The whole crisis began with her assertion that DOJ Circular 41 that authorizes her to put people on the so-called ‘watch order list’ results also to a de facto ‘hold order’ list that impinges on the citizens’ constitutional right of freedom of movement guaranteed by Section 6 of the 1987 Constitution’s Bill of Rights.

TV commentator, Teddy Boy Locsin, has said it very cogently in his TV editorial that DOJ’s directive is simply a watch order list and ‘WATCH and ‘LIST” it can do as long as DOJ desires so. But to prevent people to travel or to impinge on the Constitutional Right to free movement is NOT DOJ’s competence or power. That power belongs to the court and the court can only do so on the basis of three specific provisions of the Constitutions – (a.) threat to national security; (b.) public safety; and (c.) public health; (d.) as may be provided by law.

For Teddy Boy Locsin, Rep. Gloria Arroyo or any citizen for that matter, whether appearing in the so called watch over list or not NEED NO permission from government to travel! They simply go and travel and if so detained by government should sue government for the violation of their constitutional rights.

In a similar vein, foremost Constitutionalist, Fr. Joaquin Bernas, SJ, concludes in his Inquirer piece, Puzzling Circular, that DOJ Circular Order 41 “is humorous were it not for the fact that it plays around with an important constitutional right”. The Supreme Court ‘clearly states that ‘hold departure order’ shall be issued ONLY in criminal cases within the exclusive jurisdiction of the regional Trial Courts.” He says that DOJ ‘by an act of supreme creativity authorizes itself’ to do so on the basis of a ‘whereas clause’ where the SC is silent with ‘respect to cases falling within the jurisdiction of courts below the RTC as well as those pending determination by government prosecution offices’.

The whole issue has reached the apex of ‘absurdity’ by pitting the Supreme Court and the DOJ Secretary de Lima with the issuance of TRO of the Supreme Court granting relief to the petition to travel by Rep. Gloria Arroyo and the former first gentleman.

Notwithstanding the SC’s TRO, DOJ Secretary de Lima in a ‘weird and dangerous legal logic’ has chosen to defy the SC’s TRO. The first basis, she claimed was the fact that the DOJ ‘had not received’ the TOR and the same office was ready to file a Motion for Reconsideration and until the SC acted on the MR, the hold order for the travel of Rep. Arroyo and the former first gentleman stay.

The SC spokesman in repeated interviews has, constantly, said that the Supreme Court has already spoken and granted relief to the petition of the former first couple.
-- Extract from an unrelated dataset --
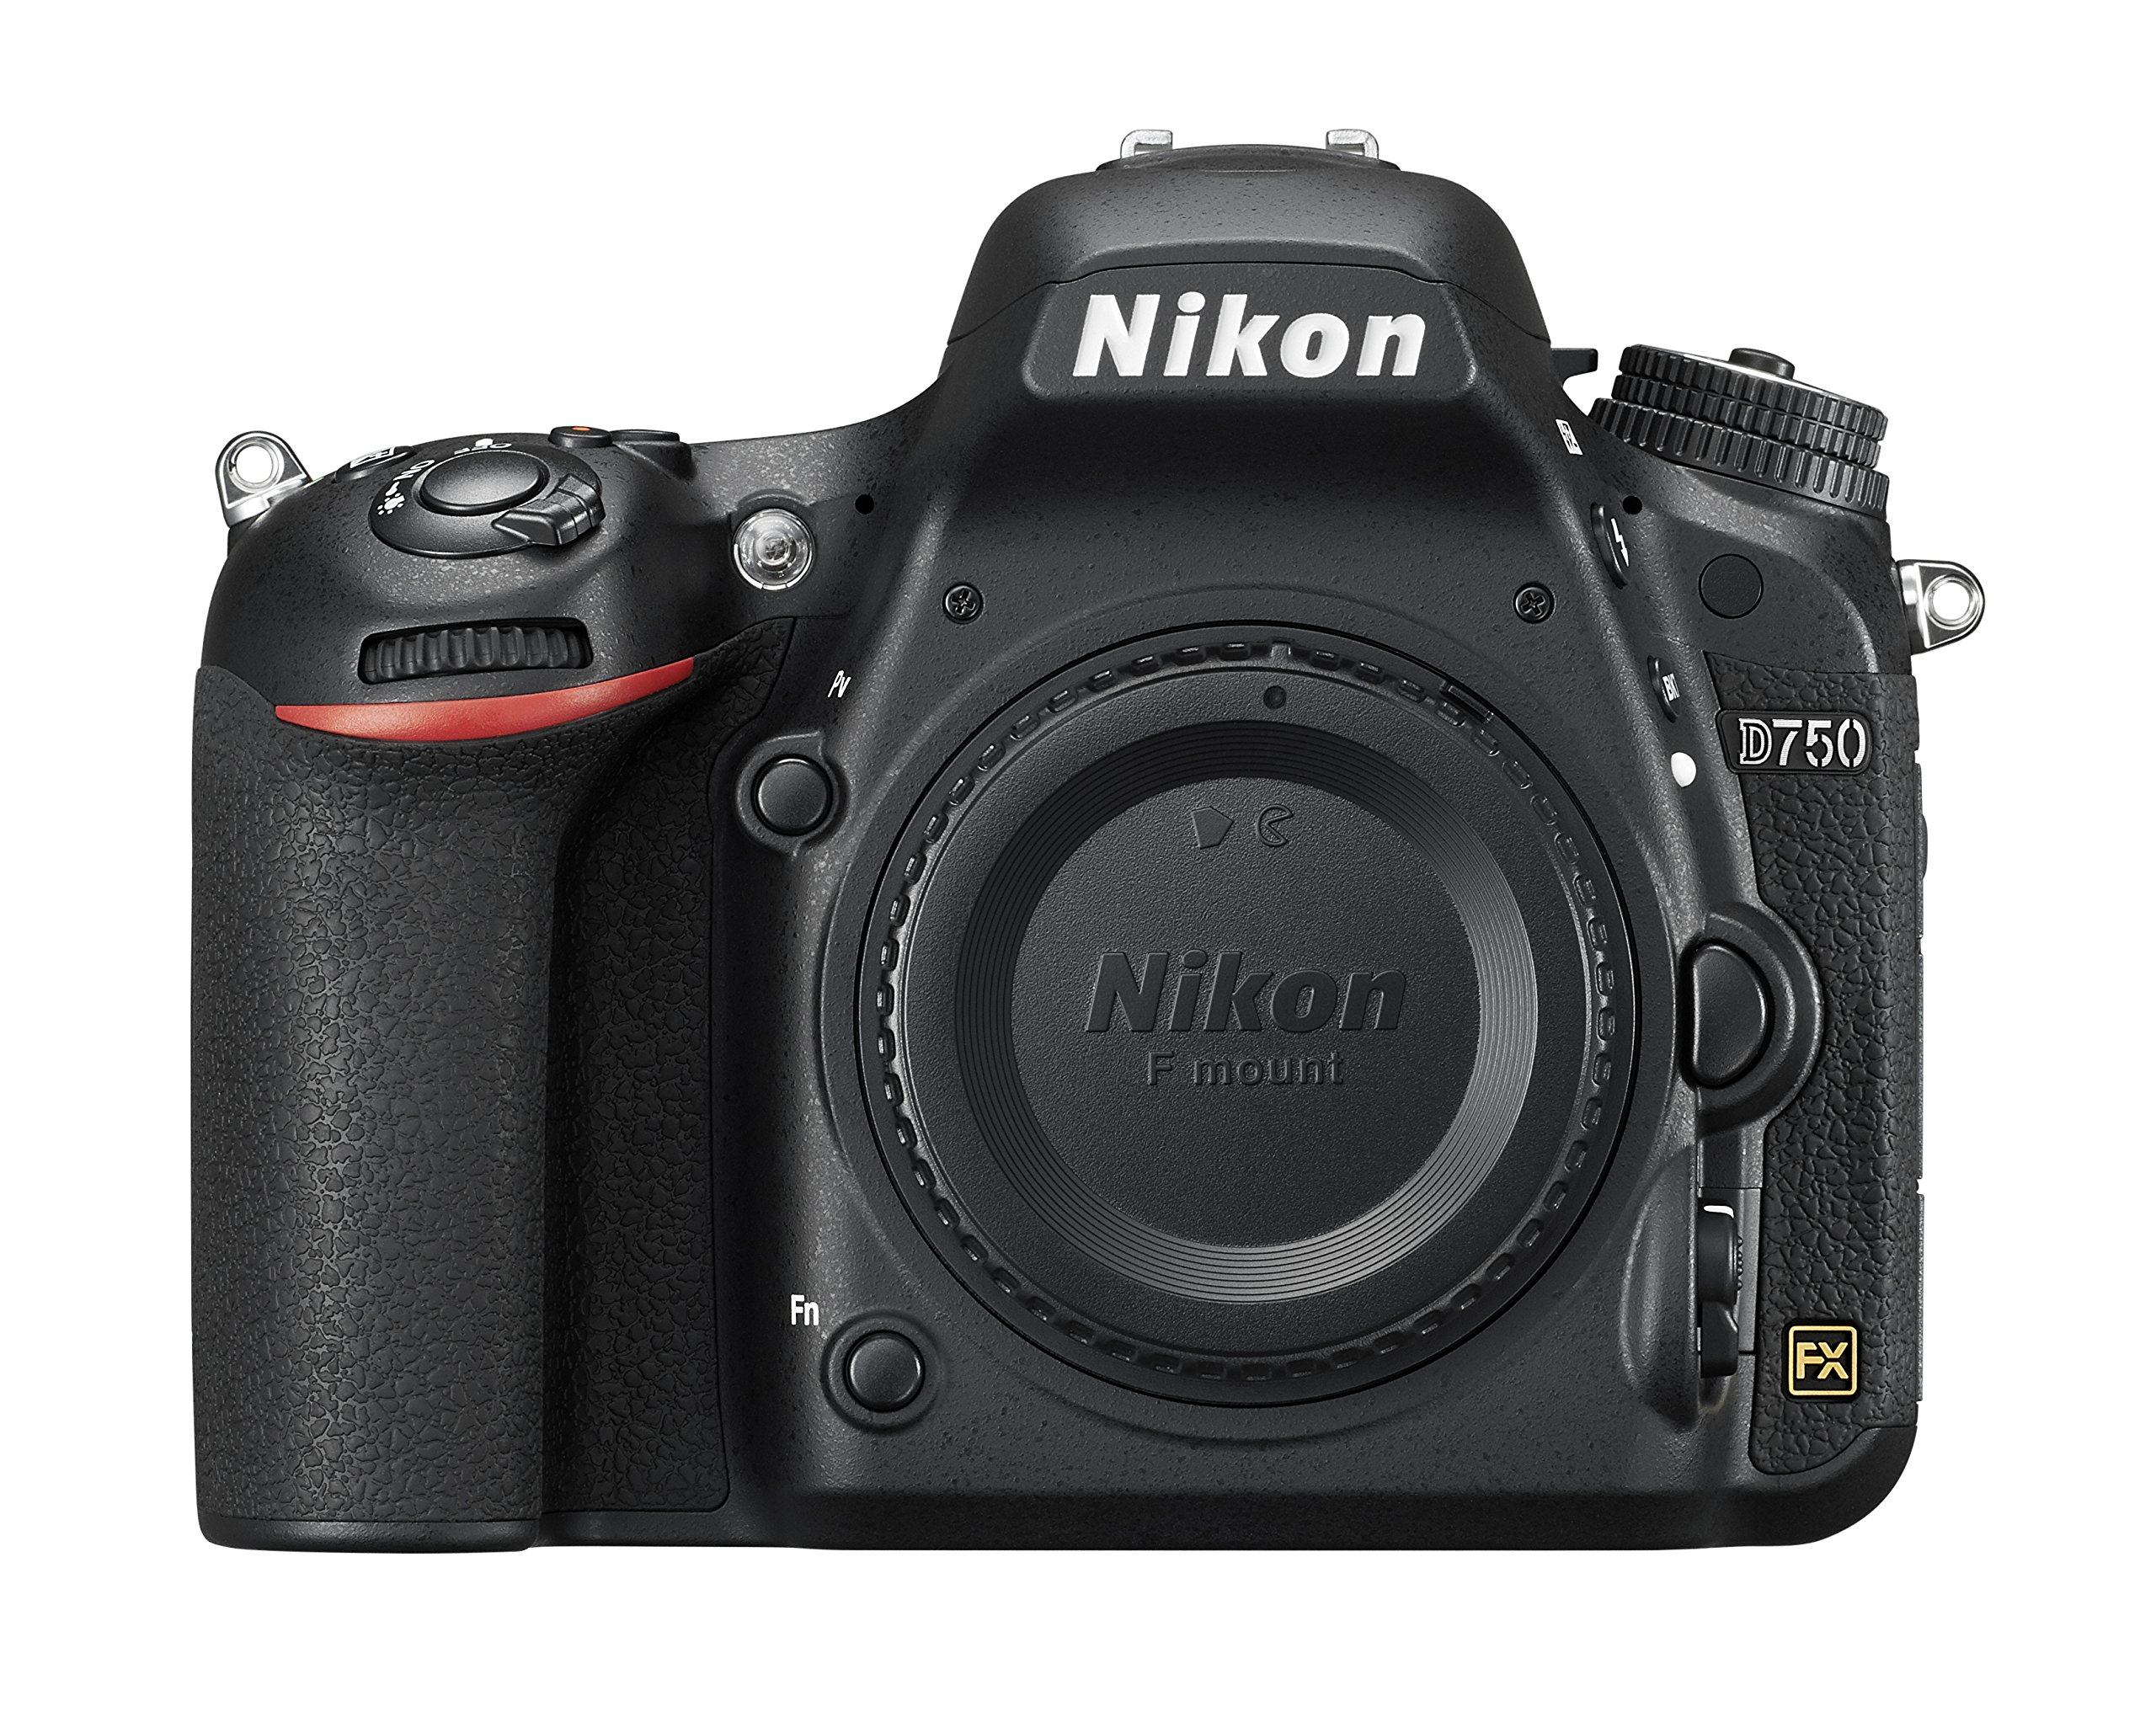 Nikon D750 FX-format Digital SLR Camera Body by Nikon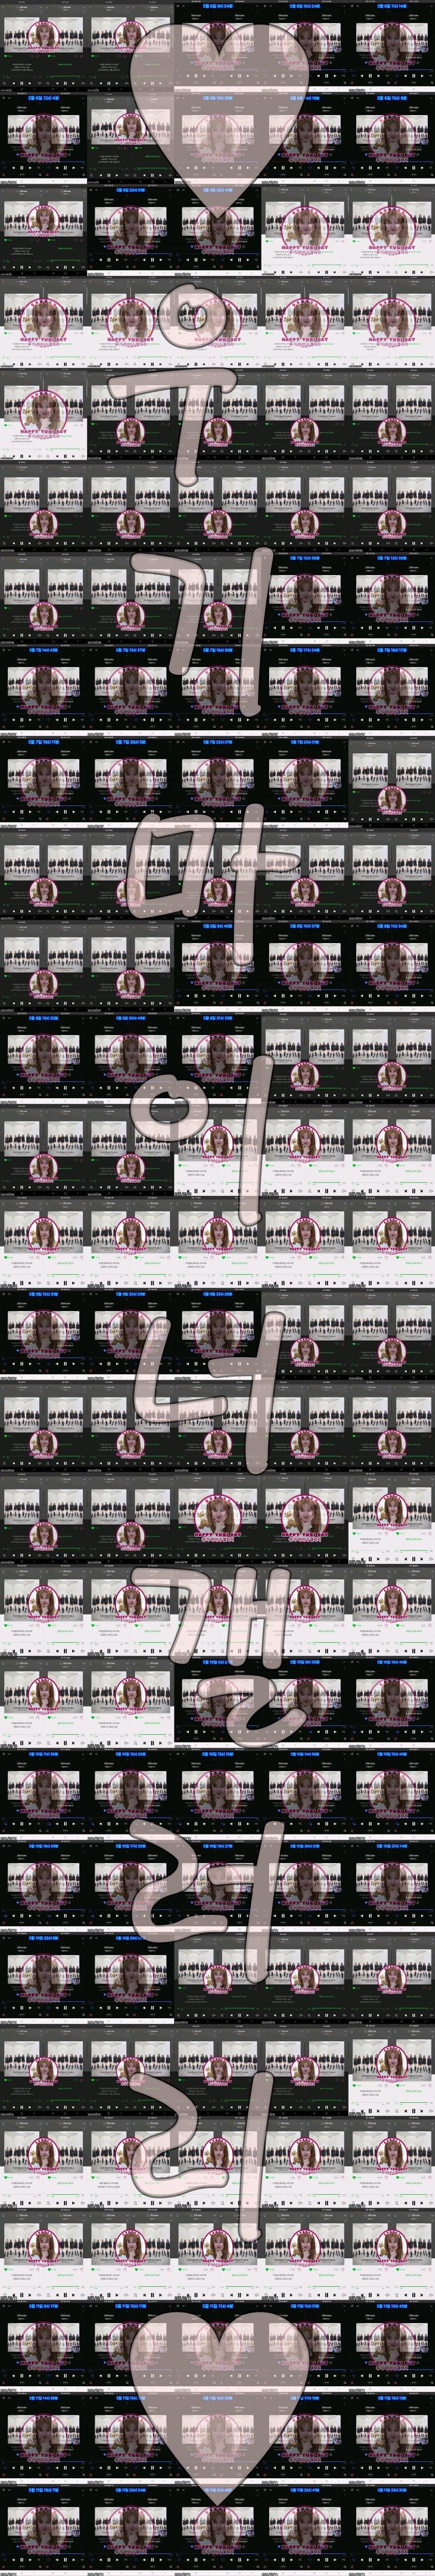 viewimage.php?id=21b2c623e9cb22&no=24b0d769e1d32ca73cec8efa11d02831ed3c848cabfee483347b0fb095ae03ce2939eb91941fefd15c79ffeca2b3e8002337bc8868d54031110c4b29573b8d2aae459f7cf0dd05e86fde7482e4046898cac7

All government offices have to comply with the Court order or face a direct contempt of the court. All legal luminaries are in the same view that the TRO is effective upon the issuance by the SC and NOT by the receipt of DOJ, especially when the mass media organizations already had copies of the said TRO.
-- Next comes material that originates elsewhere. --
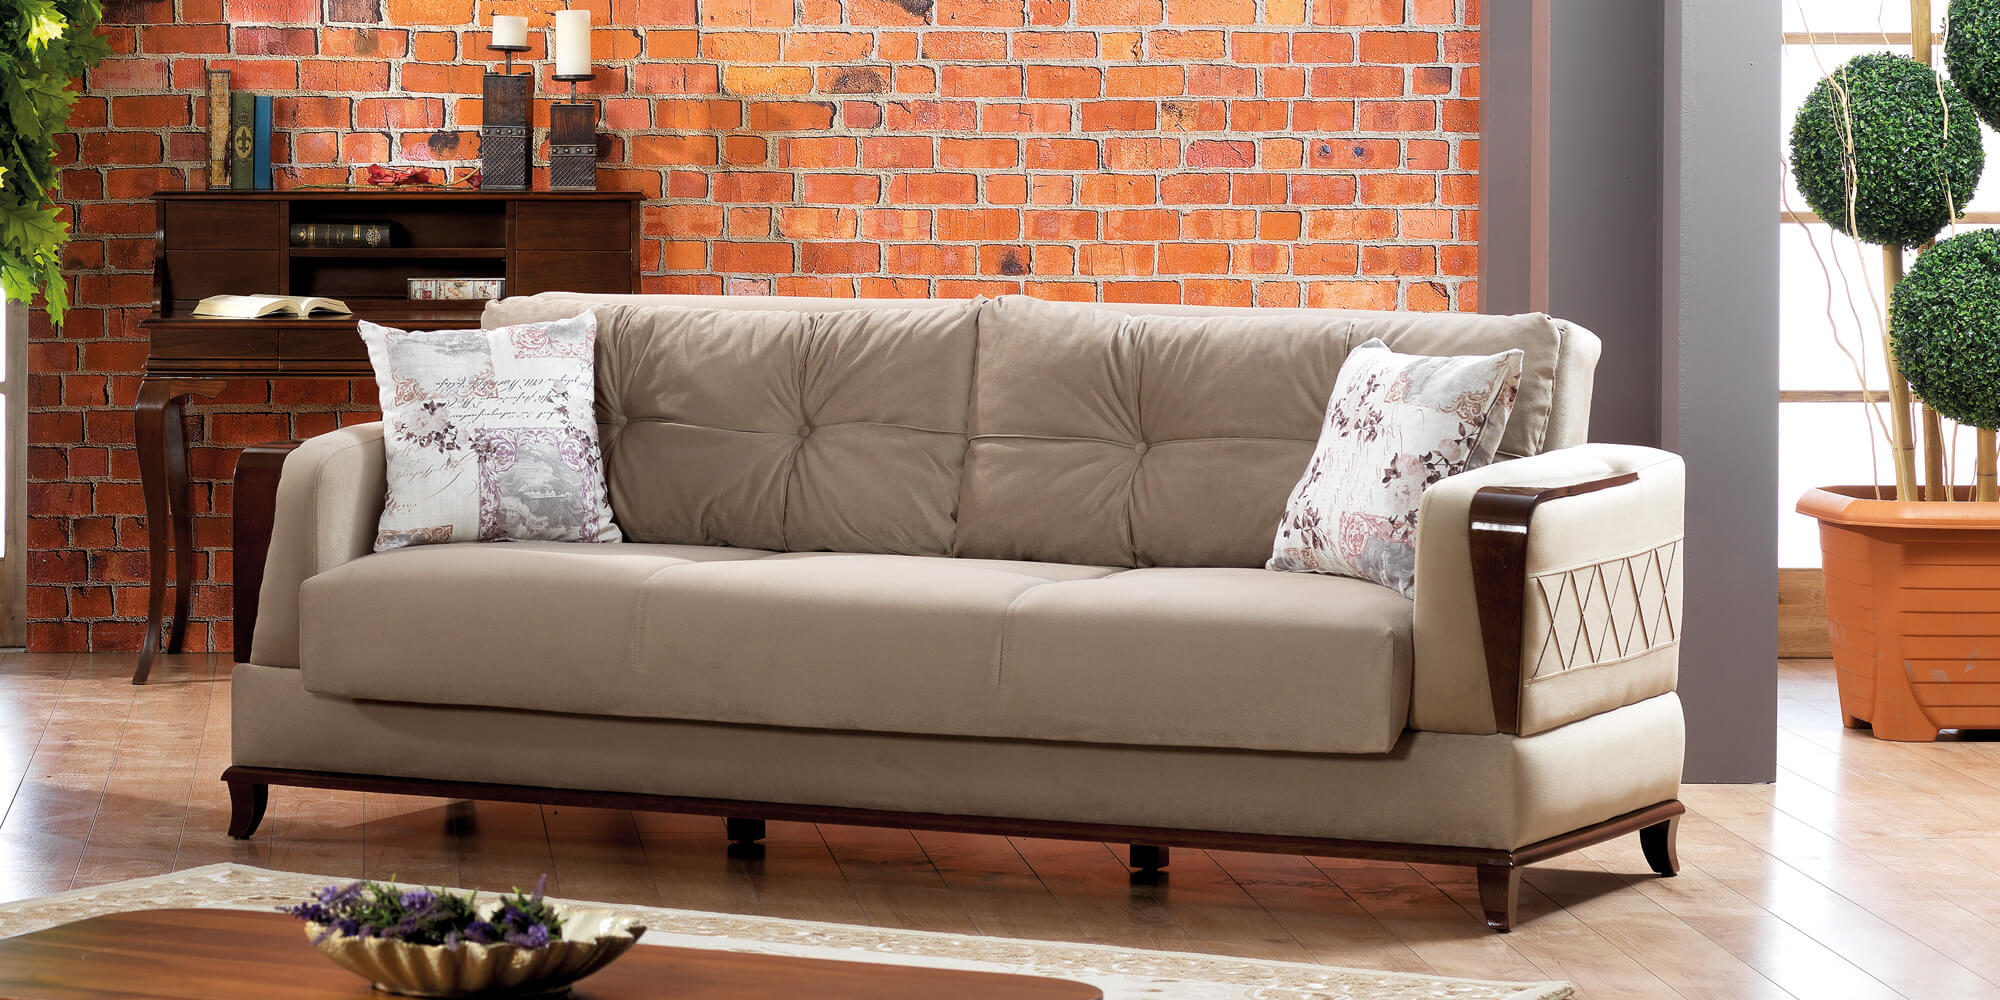 tone 3 2 1 delux sofa set yuvam m belhaus in wuppertal cilek offizieller h ndler in europa. Black Bedroom Furniture Sets. Home Design Ideas

If DOJ Secretary is committed to the Rule of Law, especially when all media people already cite the said TRO, she should have restrained herself and complied. But if she has NO intention of complying, she can invent all reasons not do so. The real issue here is compliance or non-compliance with the rule of law and NOT some legalese thinking bordering to putting oneself above the Supreme Court.
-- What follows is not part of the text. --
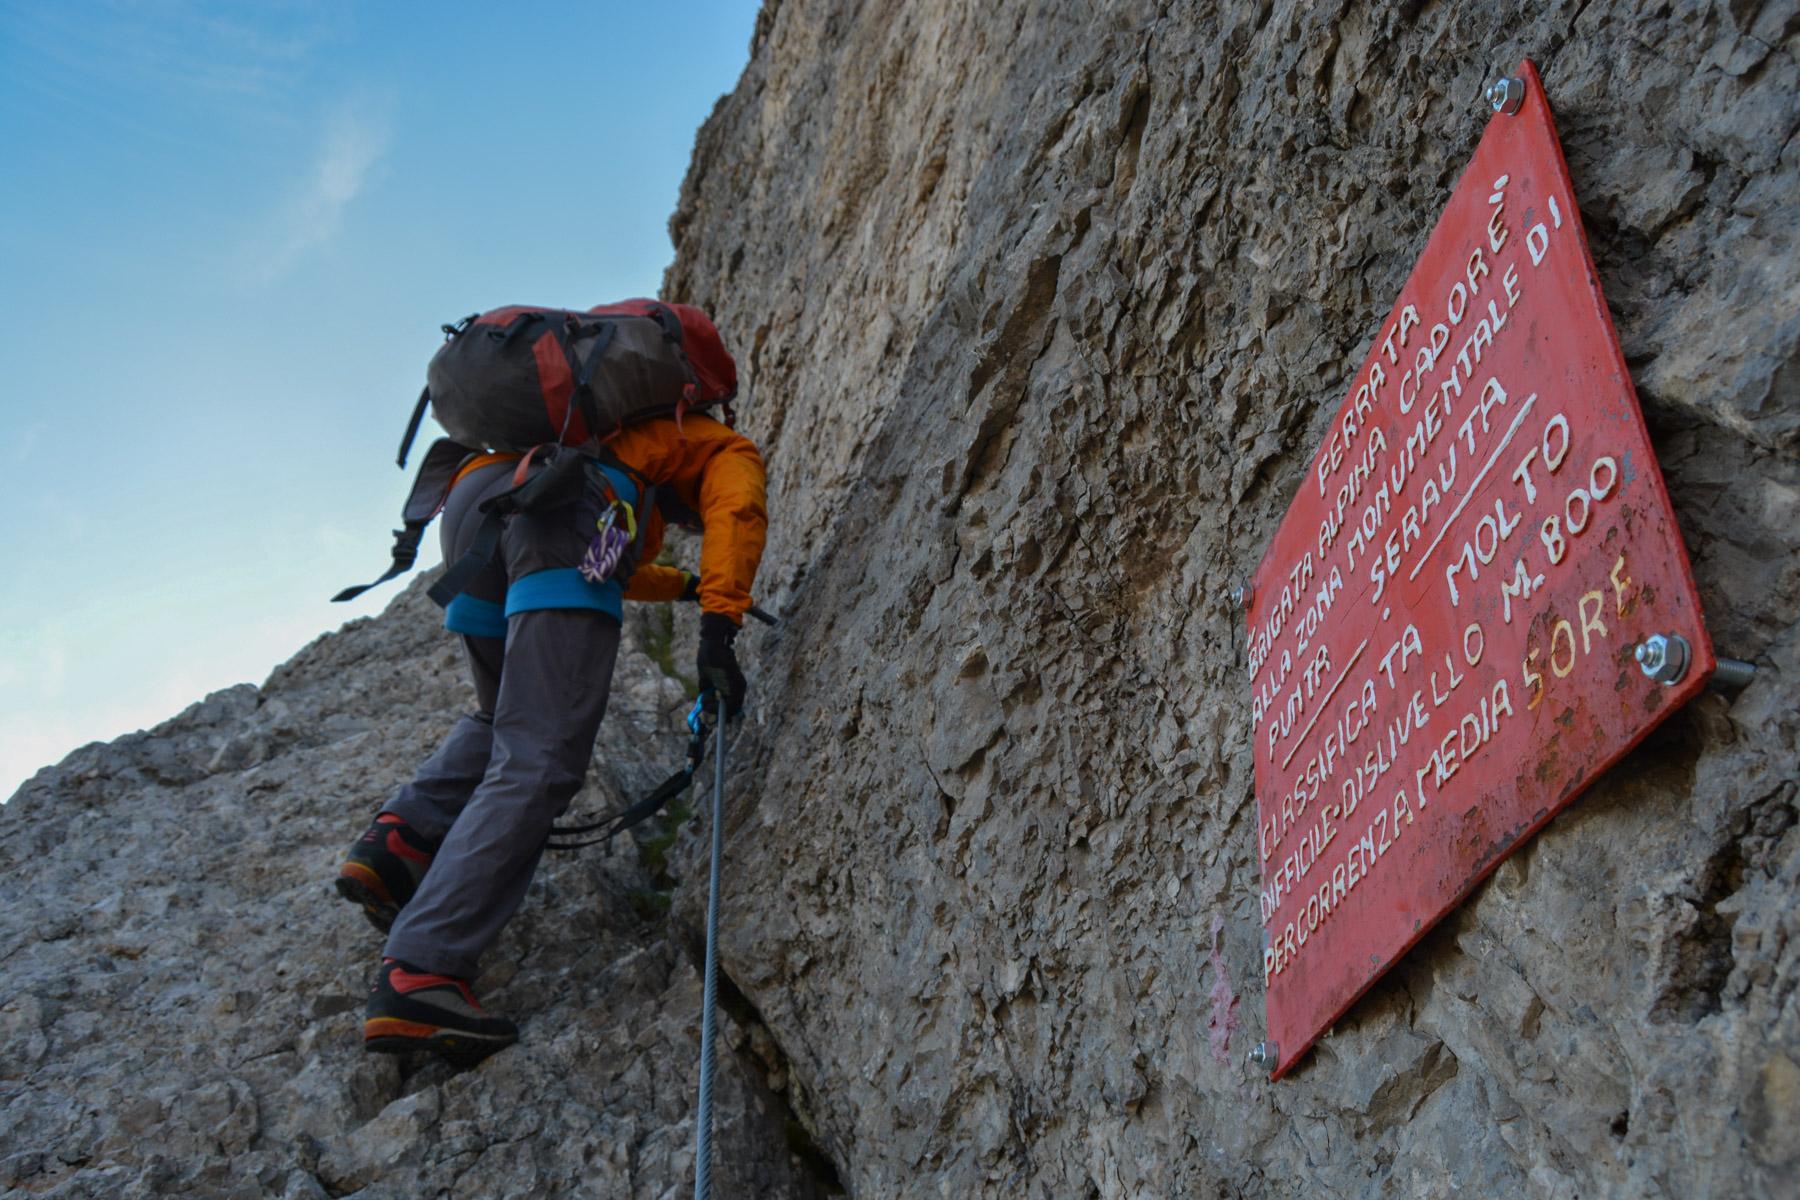 Via Eterna Brigata Cadore, Dolomites 7

When it comes to Constitutional Rights or Rule of Law, the matter is not resolved by popular feelings or sentiments. The way Secretary de Lima is acting and behaving, I can only surmise that she is not only being stubborn but also being ‘arrogant’ in her display of power. This behavior is, definitely, NOT in accordance with PNoy’s avowed ‘matuwid na daan’. The way she is going about the whole case, she appears as the ‘epitome of vindictiveness’.

The Supreme Court should nip in the bud, ASAP, this de Lima doctrine that is truly a weird and dangerous legal thinking, else we put our constitutional rights in ‘clear and present danger’!